Fans can stay in the campground for 24 hours on the day of a single show, or until 12 noon the day after a run of shows ends. Camping at the Gorge requires the purchase of a camping ticket, which can be included in the concert admission ticket price.

The campground at the Gorge sets aside spaces for one car with up to two 2-person tents or a single RV. There are very limited RV hookups at the Gorge campground. Sites are set aside by venue staff on a first-come, first-served basis. Potable water, flush toilets, hot showers, and a convenience store are available on the grounds. The campground also has 24-hour security.

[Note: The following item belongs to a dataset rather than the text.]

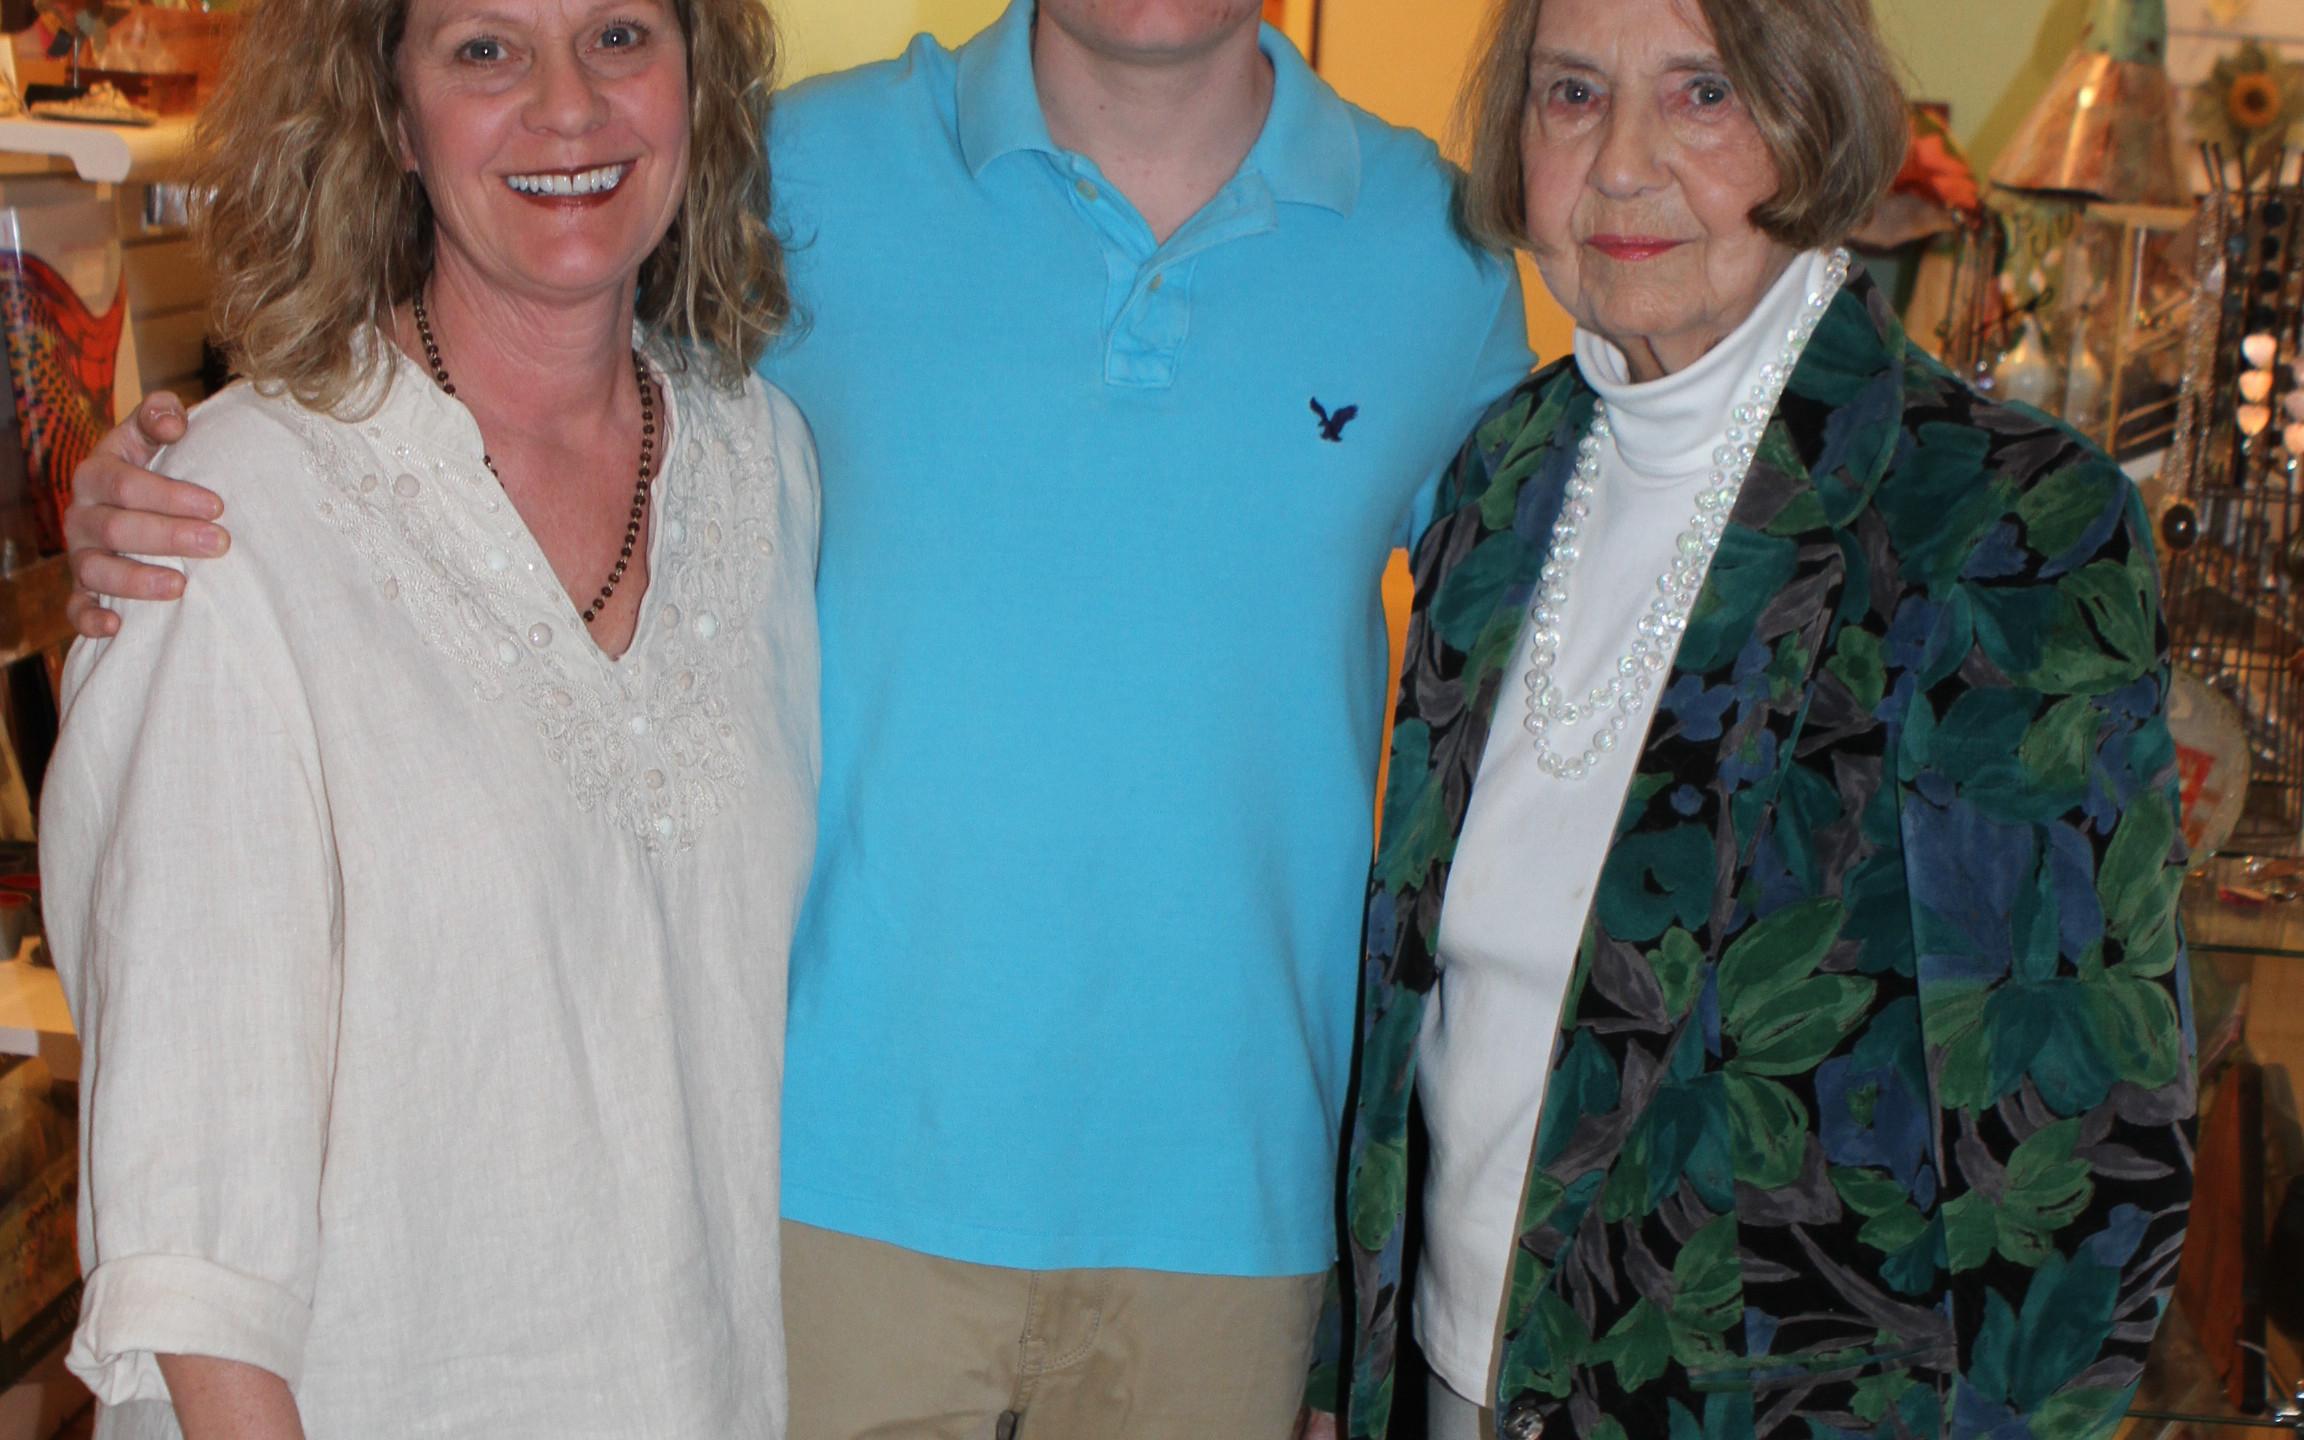 Christina & Daniel Parker, Shirley Teach Johnson

There are also other camping options near the Gorge. Notably, less than 2 mi away is the Wildhorse Campground, which offers a shuttle to and from the venue that is included in the price of camping.

==Shooting==
On June 17, 2023, during the Beyond Wonderland music festival, a mass shooting occurred at a campground near the Gorge Amphitheatre. The shooter killed two people and wounded two others. In addition, a third person, a security guard, was bruised by a bullet that deflected off her eyeglasses. A suspect, 26-year-old U.S. Army personnel James M. Kelly, a native of Strongsville, Ohio, was shot by police and arrested. The two fatalities were a female couple from the Seattle Area. The suspect was allegedly on psychedelic mushrooms during the shooting.